Construction of FimL-GFP strains
fimL was PCR amplified using 5′ TGGGCTAGCGAATTCATGGTCACAGGAGCC and 5′ GGACTGCCGGTGGCCGCCGGCGGCGGCAAGCTTGTGAGCAAG with a 3XGly linker, minus the STOP codon and cloned into pMBAD-GFP to generate pYFI007. fimL-GFP was subcloned from pYFI007 into PJB100T by overlap PCR with a PCR fragment downstream of fimL on the PAO1 chromosome and was amplified using primers 5′ CGGCATGGACGAGCTGTACAAGTAATGGCCGGCGAGTTCCGCTGGC and 5′CAGGGTAATACTAGTAGCGGCGCGCCAGGTAC to generate the fimL-GFP gene replacement construct pYFI043. Similarly, cyaB was amplified using 5′ GCTAGCGAATTCATGAAGCCTACCCTCCCCGACC 3′ and5′ CCCCGGGTACCGCCGCCGCCGAGGATGACCTTGTCGCGCAGG3′ to generate pYFI184.
SDS-PAGE and immunoblotting assays were performed as in [32].
A screen for extragenic suppressors of fimL identifies the phosphodiesterase CpdA
To further understand how FimL controls virulence pathways, we devised a genetic screen to identify new regulators in the FimL pathway. Our goal was to find single gene disruptions that resulted in restoration of TFP function and T3SS function in a ΔfimL mutant. Therefore, we screened a library of transposon insertions in a ΔfimL strain for mutants that simultaneously regained TM and T3SS function. Specifically, we utilized a mariner transposon [33] to mutagenize PAO1ΔfimL containing an E. coli lacZ gene reporter fused to the promoter of the T3SS effector exoT (denoted PexoT-lacZ).
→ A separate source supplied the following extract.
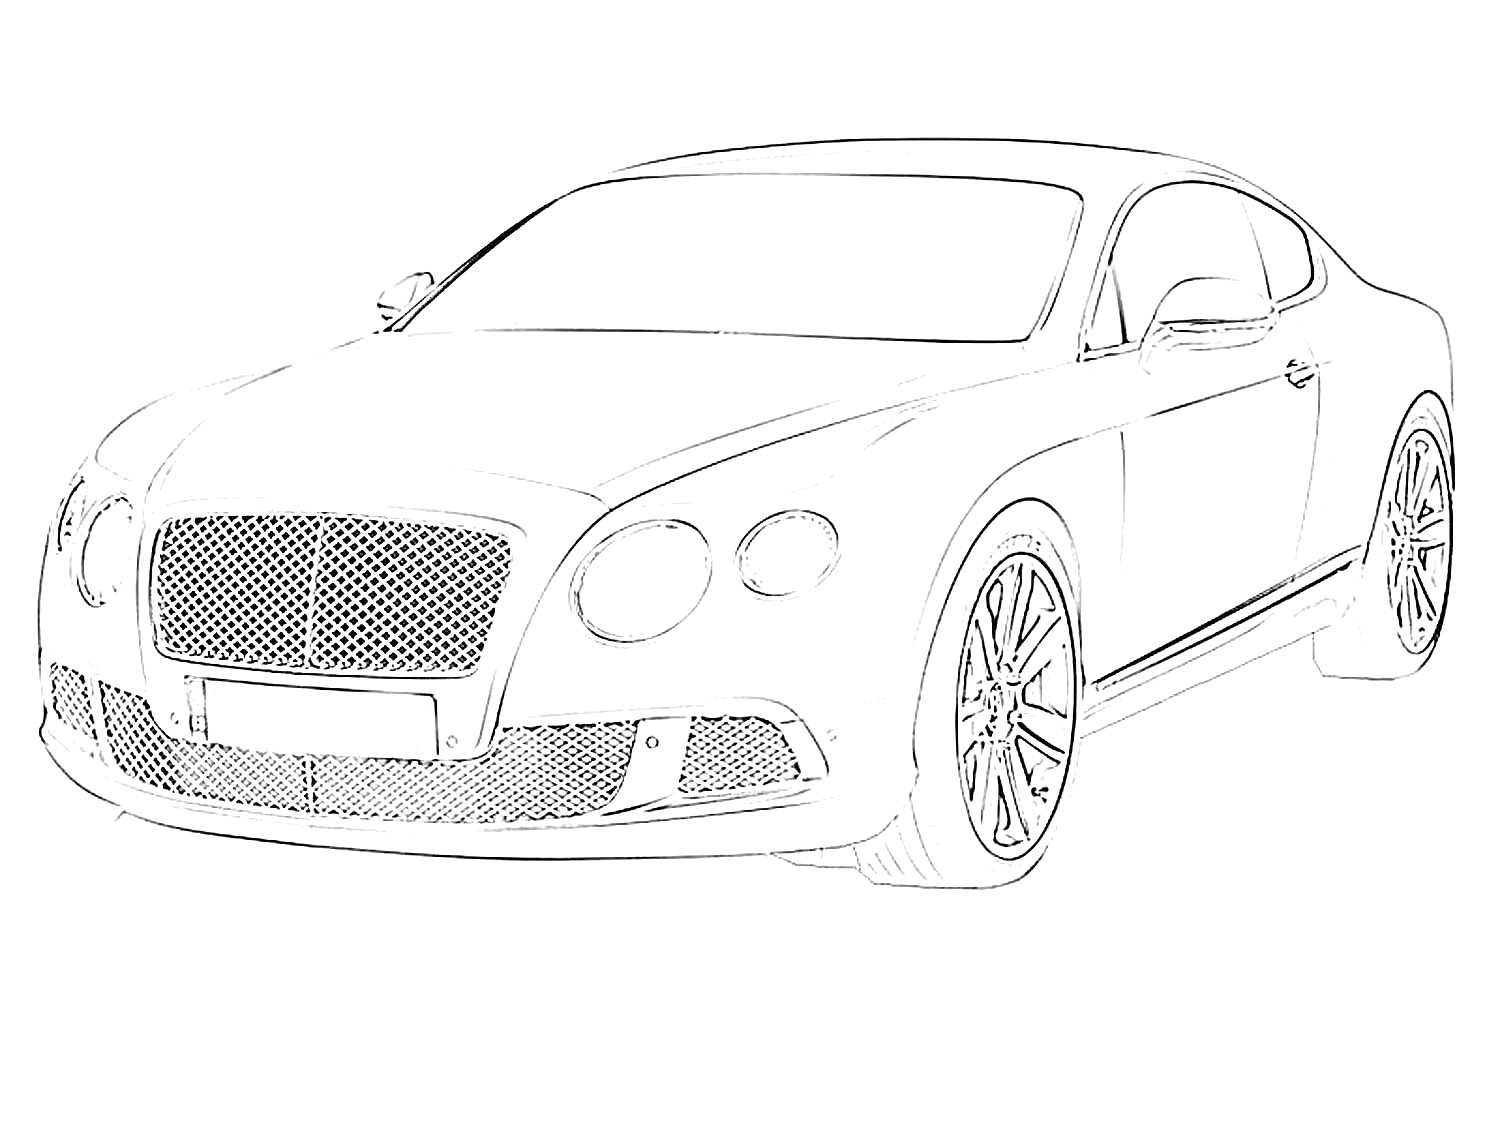 Раскраска Bentley Continental GT, спортивное купе с габаритным передним бампером, массивной решеткой радиатора и круглыми фарами

Approximately 100,000 transposon mutants (approximately 20X genome coverage) were visually screened on LB plates containing bromo-chloro-indolyl-galactopyranoside (X-gal) and isopropyl β-D-1-thiogalactopyranoside (IPTG) for simultaneous recovery of exoT transcription (as evidenced by blue colonies) and TFP function (as evidenced by TM, a phenotype readily visible as a colony with an expanding edge). From this screen, we recovered a transposon insertion in PA4969, which regained PexoT-lacZ expression and TM in the ΔfimL background. We constructed an in-frame deletion of PA4969 in PAO1ΔfimL (PAO1ΔfimLΔcpdA) and confirmed that inactivation of PA4969 was responsible for suppressing the ΔfimL phenotype. PAO1ΔfimLΔΔcpdA showed high PexoT-lacZ expression (Fig. S1A) and partially restored TM (Fig. S1B). During the preparation of this manuscript, PA4969 was characterized as a cAMP- specific phosphodiesterase, CpdA [34].
FimL regulates cAMP levels
Since disrupting cpdA restored TM and T3SS function in the ΔfimL mutant, we predicted that ΔfimL mutants would have decreased levels of cAMP. To test this hypothesis, we measured bacterial cAMP. The experiments were performed in the presence and absence of calcium, since minimal media lacking calcium induces expression of T3SS gene expression [35]. We previously reported that cAMP levels were barely detectable in the wild type PAO1 strain [25], however with protocol changes we were able to reproducibly measure cAMP in PAO1. In the absence of calcium, we observed an ~80% decrease in cAMP levels in the ΔfimL mutant compared to PAO1 (Fig. 1A; P<0.001). As controls, we assayed PAO1ΔcyaA, PAO1ΔcyaB, and the double mutant PAO1ΔcyaAΔcyaB. No significant difference was observed in cAMP levels in the ΔcyaA strain when compared to wild type. However the ΔcyaB and ΔcyaAΔcyaB mutants showed an ~85% and ~95% decrease, respectively, in cAMP levels when compared to wild-type (P<0.001). The low cAMP levels observed in PAO1ΔcyaB, PAO1ΔfimL and PAO1ΔcyaAΔcyaB were not statistically different from each other. Together, these results suggest that FimL modulates cAMP levels.
Figure 1
Figure 1
cAMP levels are decreased in fimL mutants.
Deletion of the phosphodiesterase gene (PAO1ΔcpdA) resulted in an approximately 100-fold increase in cAMP levels compared to wild type (Fig. 1A). Thus we reasoned that we could detect changes in cAMP levels very robustly in a sensitized mutant background in which cpdA was inactivated. We therefore constructed in-frame deletions of fimL, cyaA, and cyaB in the phosphodiesterase mutant background PAO1ΔcdpA and measured cAMP levels. As shown in 1B, deletion of fimL (PAO1ΔcpdAΔfimL) or cyaB (PAO1ΔcdpAΔcyaB) resulted in ~50% (P<0.001) and ~75% (P<0.001) decrease in cAMP levels, respectively, compared to PAO1ΔcdpA, while no statistically significant decrease was observed in the cyaA mutant (PAO1ΔcpdAΔcyaA). cAMP was undetectable in the PAO1ΔcpdAΔcyaAΔcyaB mutant, confirming that CyaA and CyaB are the only source of cAMP in this strain. Altogether, the trends in cAMP levels in PAO1 or the PAO1ΔcpdA background are similar, lending further support to our conclusion that FimL regulates cAMP levels.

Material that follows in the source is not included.